Days after Congress passed a budget that cut $35 million for civic education, former U.S. Rep. Lee Hamilton announced on April 19 that the National Conference on Citizenship (NCoC) will soon begin work on the Indiana Civic Health Index. The project will assess the civic engagement of Indiana’s population, and findings are expected to be announced in September.

“Those of us interested in this project are concerned … because there is an awful lot of evidence that suggests an awful lot of Americans are less and less interested in civics, and if that’s the case, the entire democracy is in jeopardy,” Hamilton said. Many people who had gathered in the Indiana Supreme courtroom for the announcement nodded solemnly in agreement.

The NCoC will collect census data and turn it over to the Center for Information & Research on Civic Learning and Engagement (CIRCLE) at Tufts University’s Jonathan M. Tisch College of Citizenship and Public Service. There, the staff will crunch the numbers to produce statistics on civic life in Indiana, including voter turnout, community involvement, and civic education.

Since 2006, the NCoC has conducted a yearly national Civic Health Index. Comparing results of the indexes with research studies conducted in the 1970s and thereafter, the NCoC reports that most forms of civic engagement measured in the index – like voter turnout and volunteerism – have fallen over the past three decades. In 2008, the NCoC began offering state-level indexes. Ohio, California, and Florida were the first states to receive such a report, as they have every year since. In Florida, the results helped support legislation that aims to improve civic education in middle schools.

Florida Rep. Charles McBurney, R-Jacksonville, said he cited results of the Florida Civic Health Index when he introduced the Sandra Day O’Connor Civics Education Act. He said that due to the state’s weak economy, it took almost three years to win approval for the bill, which passed with a unanimous vote in 2010. The bill states that beginning with the 2012-13 school year, middle school students must complete a one-semester civics course, in addition to meeting other already established requirements.

“We have a requirement of reading at every grade level. What the bill also requires, since you’ve got to have reading anyway at every grade level, some of that reading has got to include civic reading,” McBurney said.

By the 2013-2014 school year, the end-of-course assessment will account for 30 percent of a student’s course grade. The following year, students will be required to pass the exam in order to pass the course.
 

He said the exam wording was included in the bill because the Florida Legislature wanted to ensure that teachers devoted proper attention to the course.

“We actually had a requirement for civic education, but they weren’t teaching it,” McBurney said.

Sheila Suess Kennedy, professor and director of public affairs programs for the School of Public and Environmental Affairs at Indiana University – Purdue University Indianapolis, is familiar with the challenges of teaching students about civics and of getting teachers to teach civics.

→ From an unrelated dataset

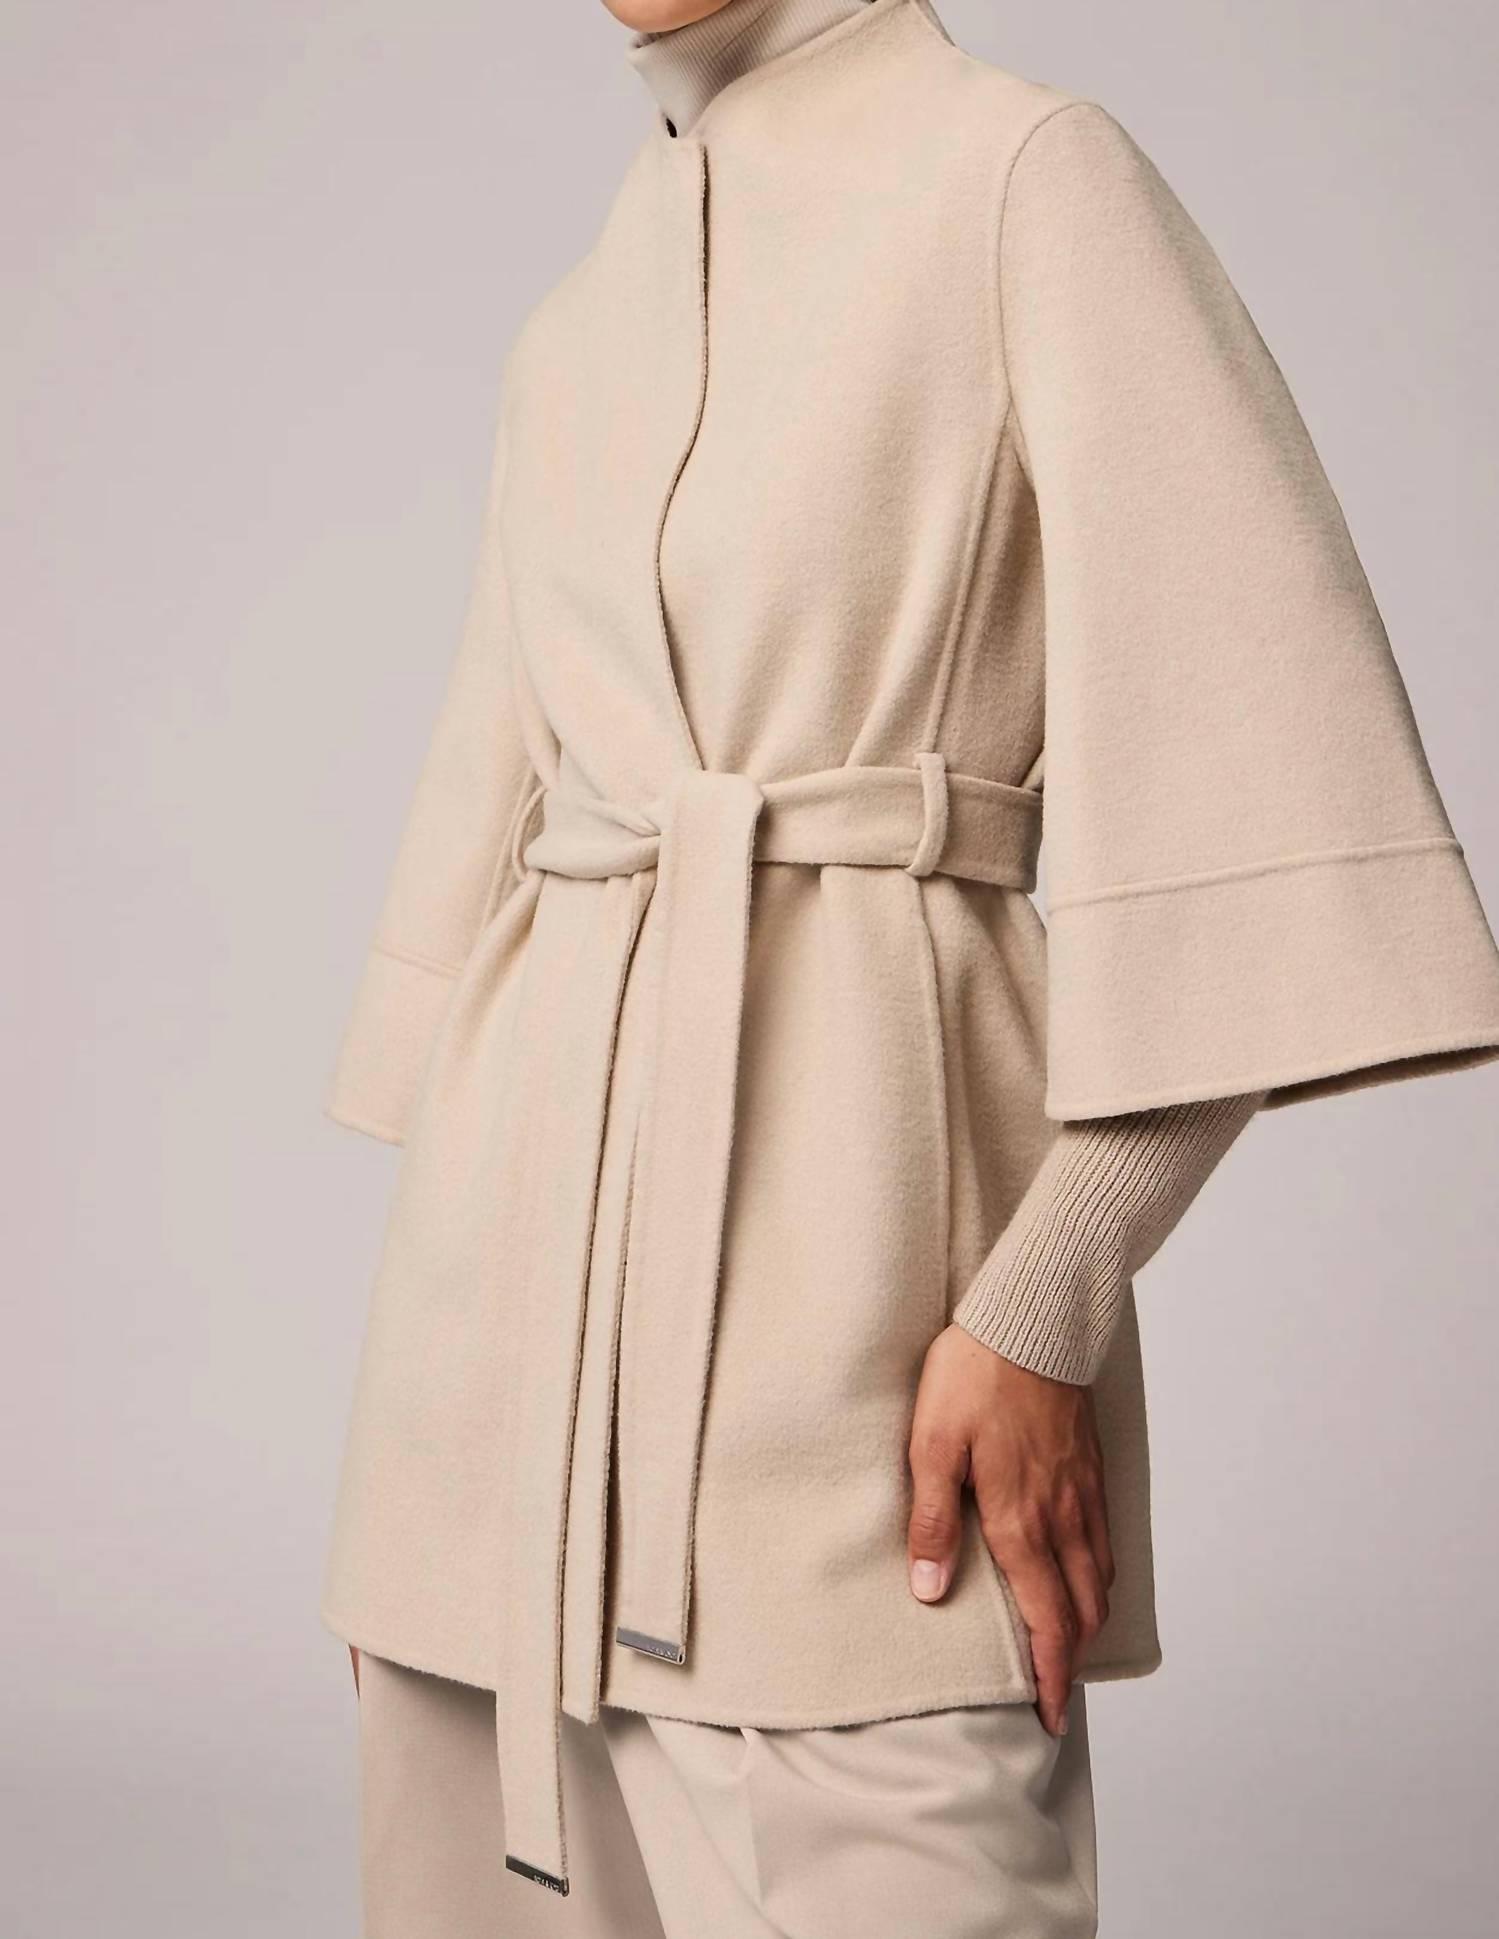 SOIA & KYO Selma Light Wool Coat In Hush in Natural | Lyst

“Indiana has fabulous standards,” she said. “But we don’t use them. We don’t apply them.”

Kennedy, who joined IUPUI in 1998 as an assistant professor of law and public policy, said she sometimes gives her undergraduate students a pop quiz: the U.S. Citizenship Test. Foreign students, she said, always fare better on the test than their American-born classmates.

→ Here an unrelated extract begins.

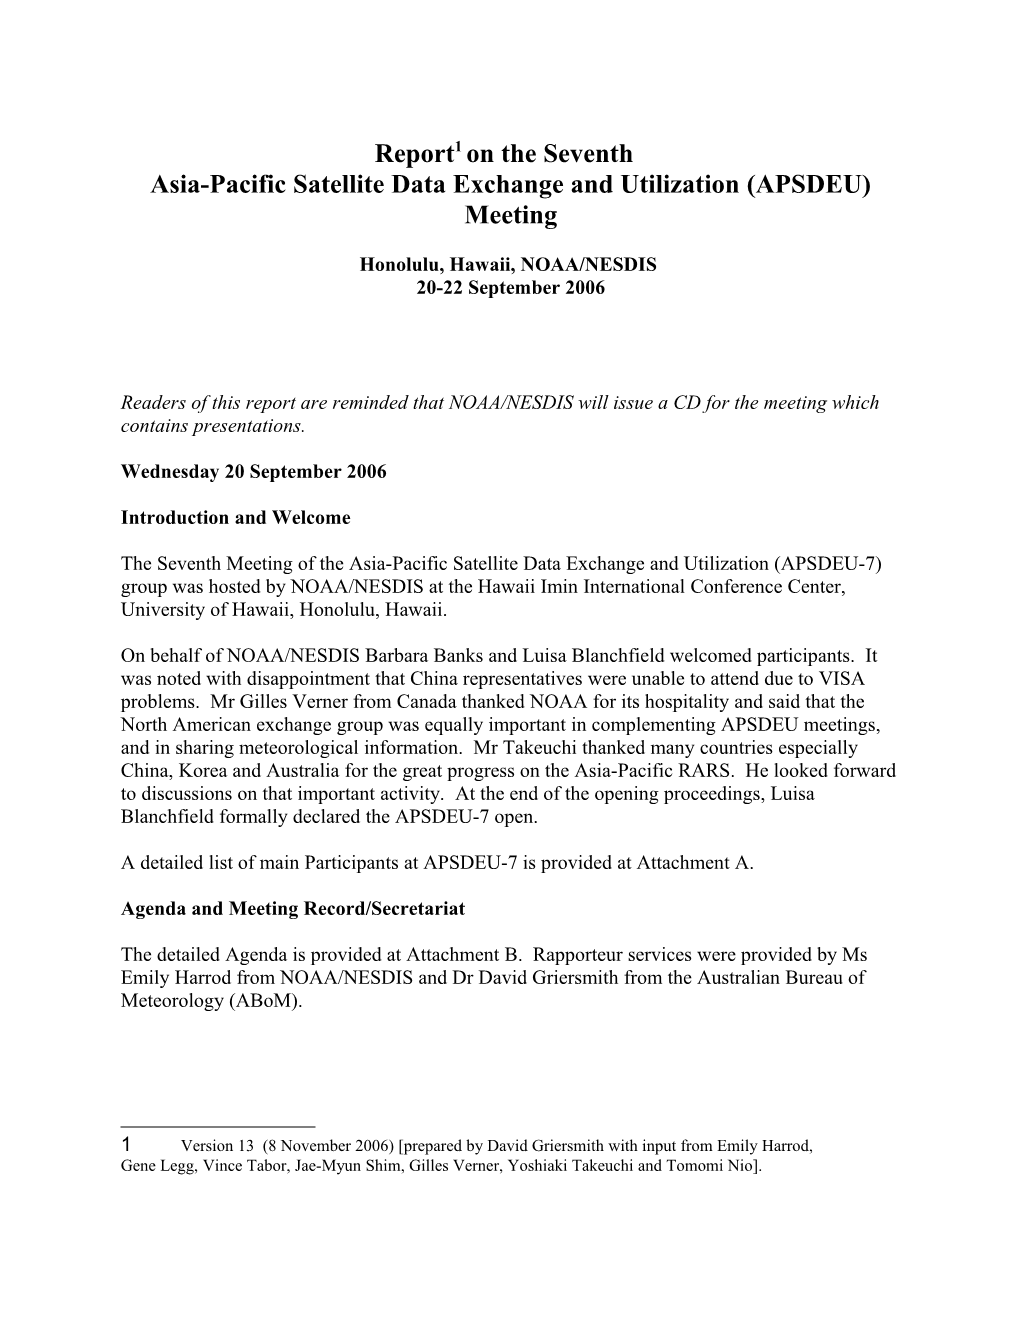 Asia-Pacific Satellite Data Exchange and Utilization (APSDEU) Meeting

She said the lack of civic knowledge is not a new problem, but the changing nature of the country points to a need for pushing civic education.

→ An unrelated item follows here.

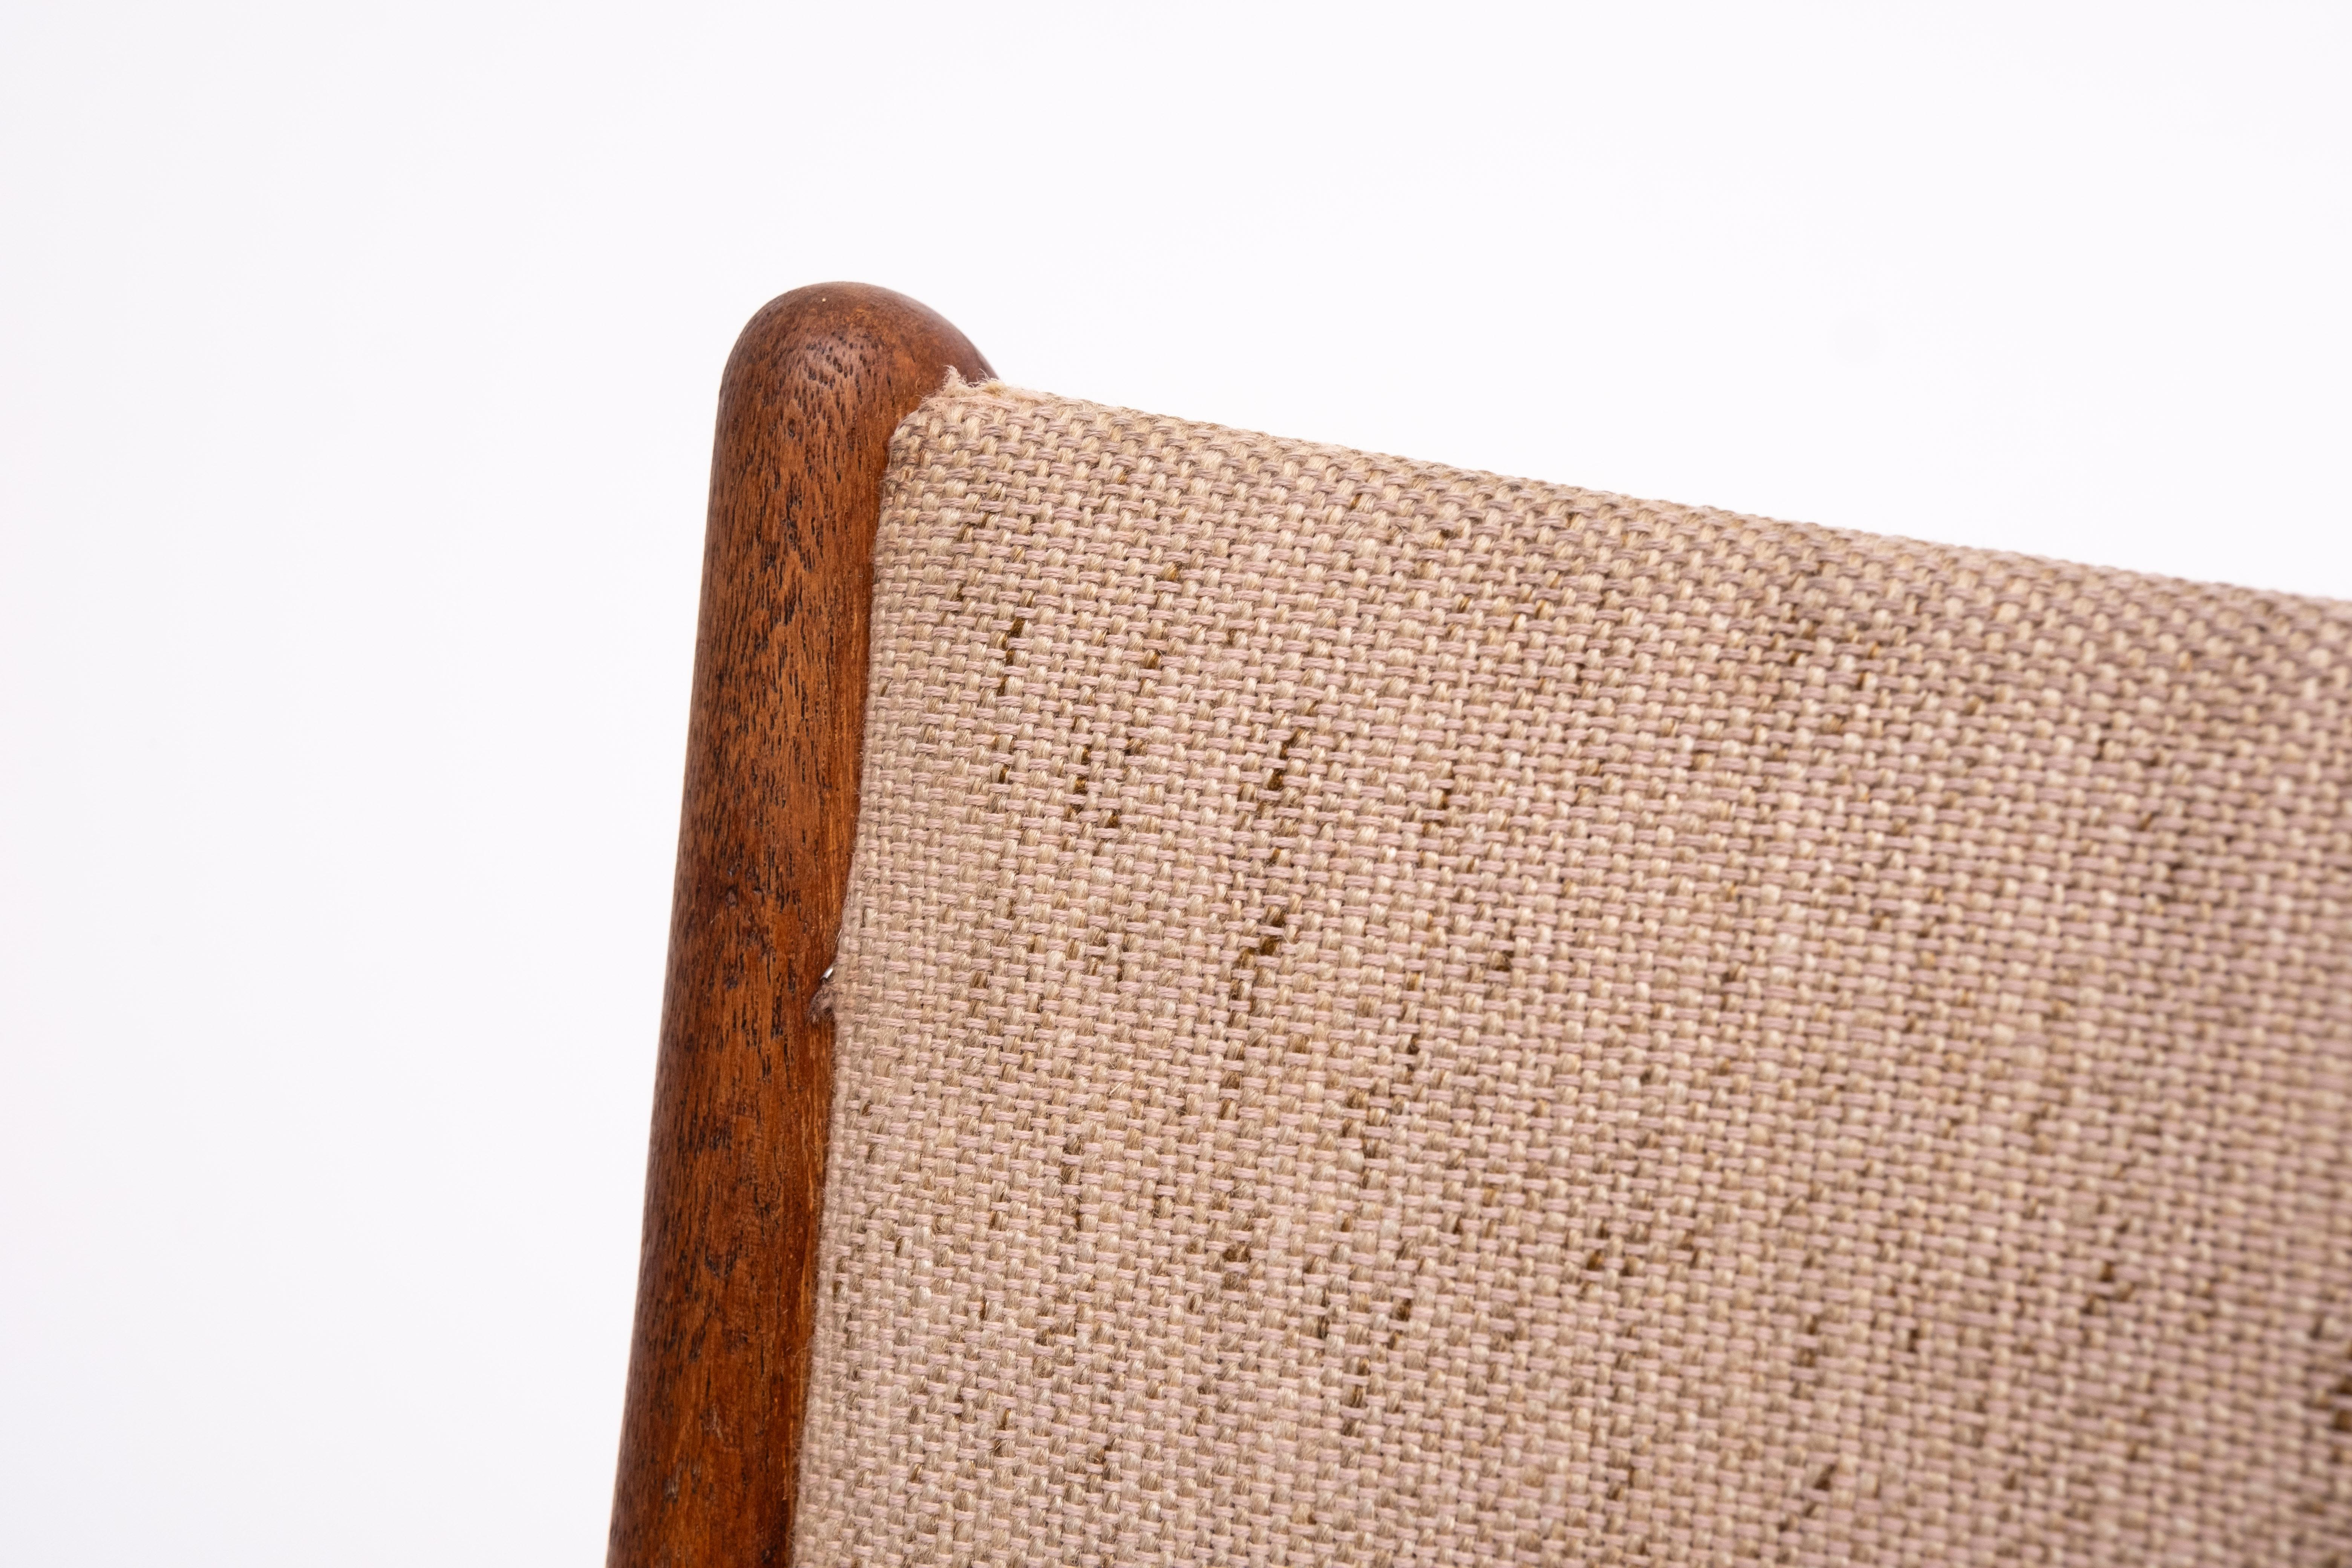  Very nice curved armchair .Solid Teakwood . Design by  Johannes Andersen  For Sale 2

“The other kinds of identities we share as Americans are fewer than before. We have even less in common if we can’t all say what’s in the Constitution,” she said. “Our differences as individuals – race, religion, political affiliation – none of that would matter if we had really strong civic education.”

Educators have tried again and again to find a way to make young people care about civics, “but nothing seems to take,” she said.

A civics success story

The Indiana Bar Foundation has tried to revive civic interest among young people with its programs, Project Citizen and We the People. Project Citizen, for grades 5 through 9, intends to help children work together to accomplish tasks like determining which level of government can best handle a particular problem. We the People, for grades 5, 8, and 12, focuses on understanding the Constitution. The course involves mock congressional hearings, where student groups compete with each other to give the best answers. For high school students, the course culminates in a national final in Washington, D.C., with a team from each state, the District of Columbia, and the Northern Mariana Islands competing for the championship.
 

wepeople-15col Munster High School’s 12-person We the People team, with teacher Michael Gordon, after winning the Indiana championship. Gordon and the students will compete in the national finals April 30 through May 2 in Washington, D.C. (Photo courtesy Indiana Bar Foundation )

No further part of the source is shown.